Reinaldo Talarid, Roundtable TV show of April 15, 2010
Like Talarid, I also prefer to say governments and not countries, particularly when talking about my government but not my country. Such is the argument of the so-called “Media war against Cuba,” which in reality would be, in this case, “against the Cuban government.” I don’t know how this subtlety could elude the select panel. I swear I would prefer to respond with serious arguments, vehemently denying the sleights-of-hand, shouting the truths that they can’t even rebut with lies – even falsifying, distorting and manipulating they are tongue-tied – but I can’t do it, I find it too ridiculous.
Beyond the crazy twists of the “money trail” – obviously very difficult to follow because, according to Lázaro Barredo himself we don’t know the “final destination” of the U.S. subsidies – the conspiracy theories about the “cyber-dissident command” and the absurd hypothesis about the existence of the Ladies in White, I managed to watch an hour and a half of the Roundtable all the way to the end.
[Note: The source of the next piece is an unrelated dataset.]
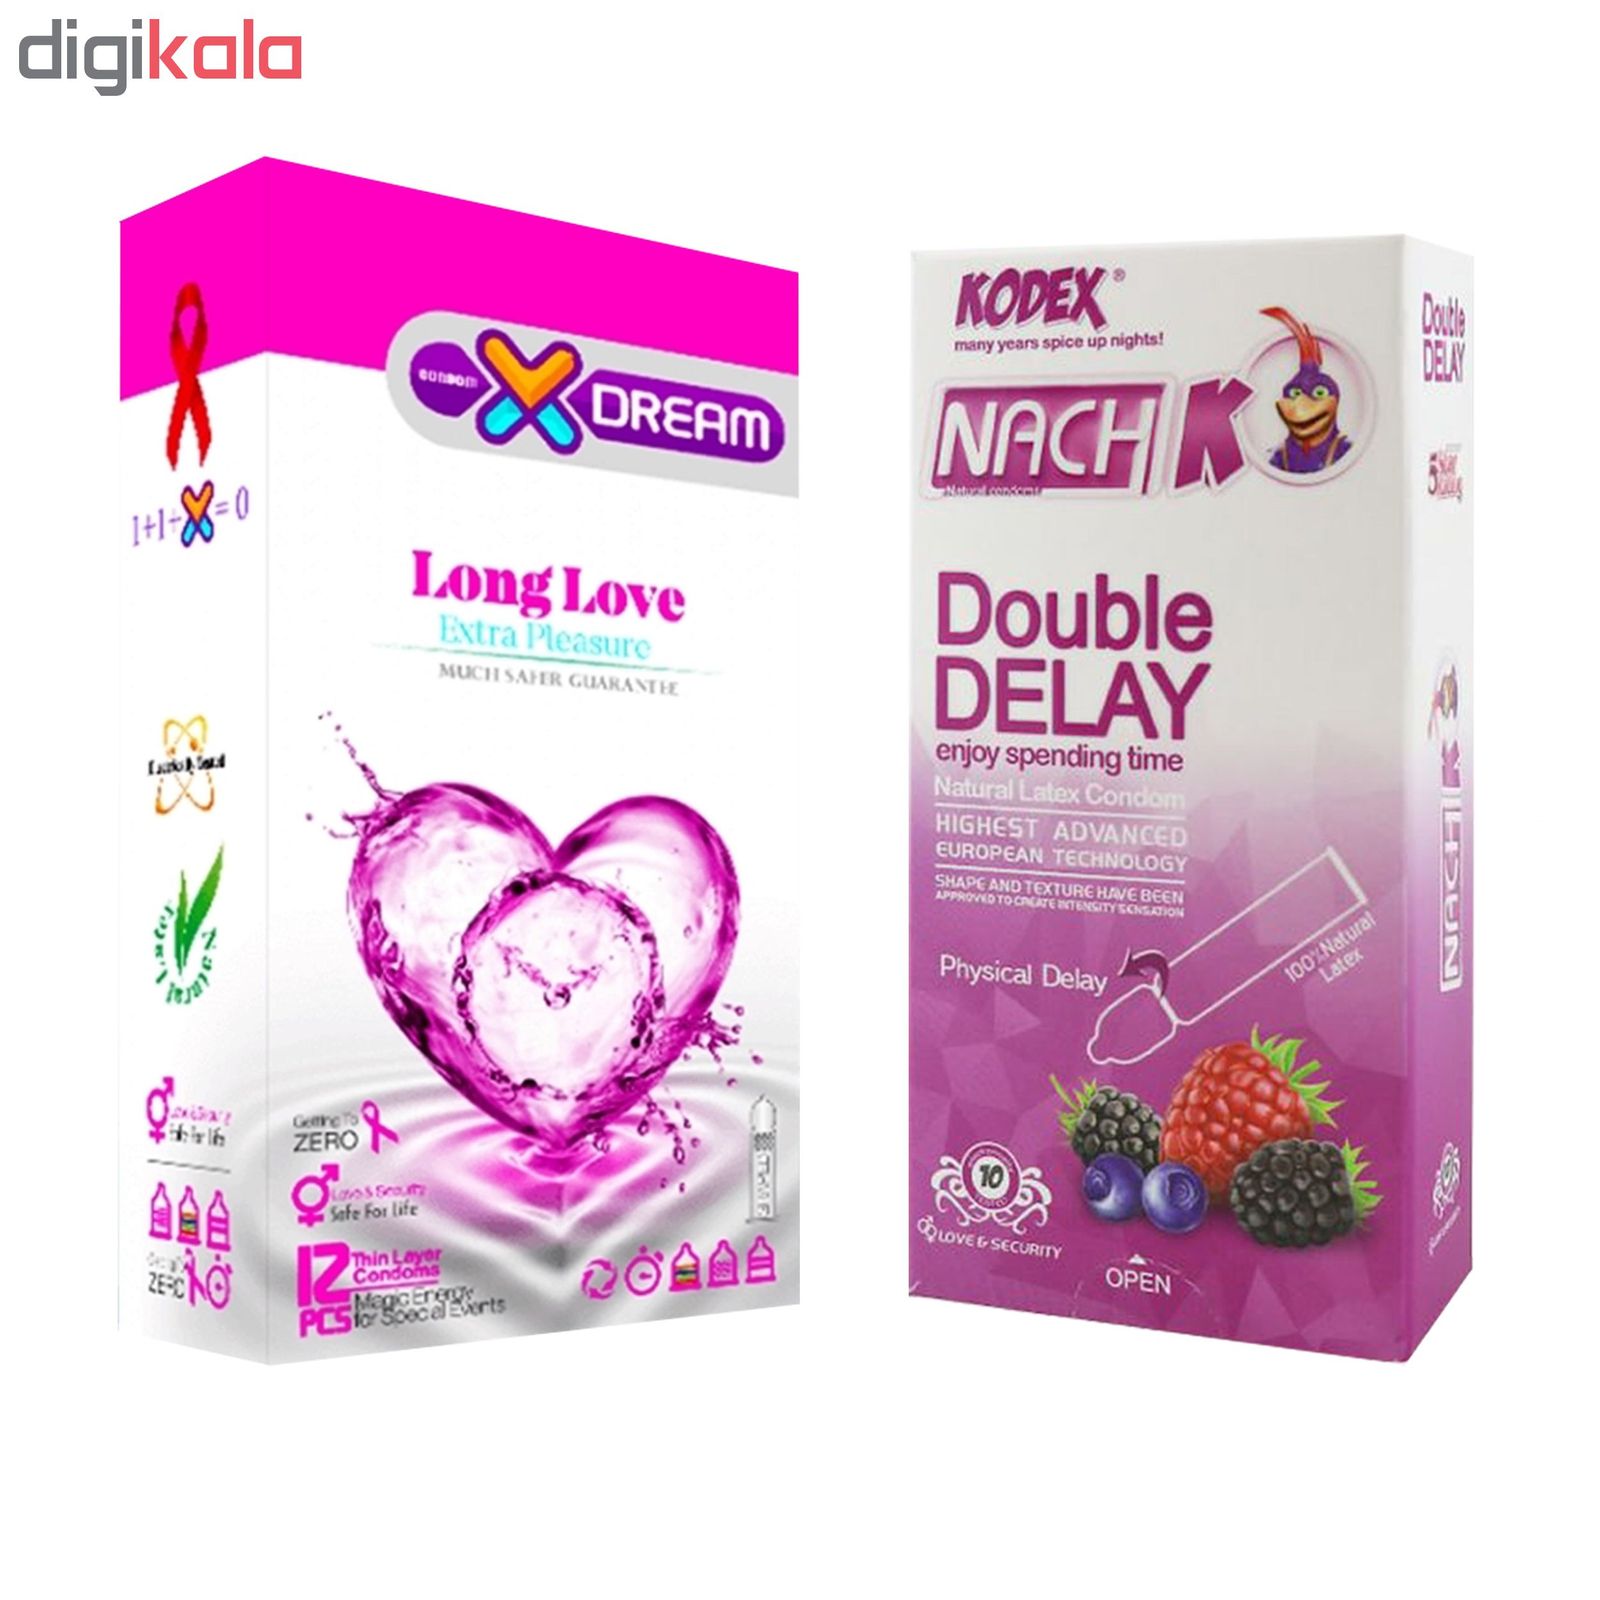 کاندوم ایکس دریم مدل Long Love بسته 12 عددی به همراه کاندوم تاخیری کدکس مدل Double Delay بسته 10 عددی -  - 2

To my surprise I learned several new things:
- The television program gives me a headache.
- Rosa Miriam Elizalde is not allowed to explain her theories because she can’t name names.
- Barredo is ambiguous, saying that “the industry of evil has been operating for fifty years,” but he can’t tell us where it is headquartered.
- It makes Randy nervous when he hears someone mention “Berta Soler.”
- There is a nostalgic group in Spain – supportive of the Cuban government – called the “26 of July Association.”
- It is now officially allowed to use the words blog and blogger.
- A Frenchman, it seems, is famous for publishing a manipulated interview, but he can’t give us the details of it because it is strictly forbidden to say “Yoani Sánchez” on Cuban television.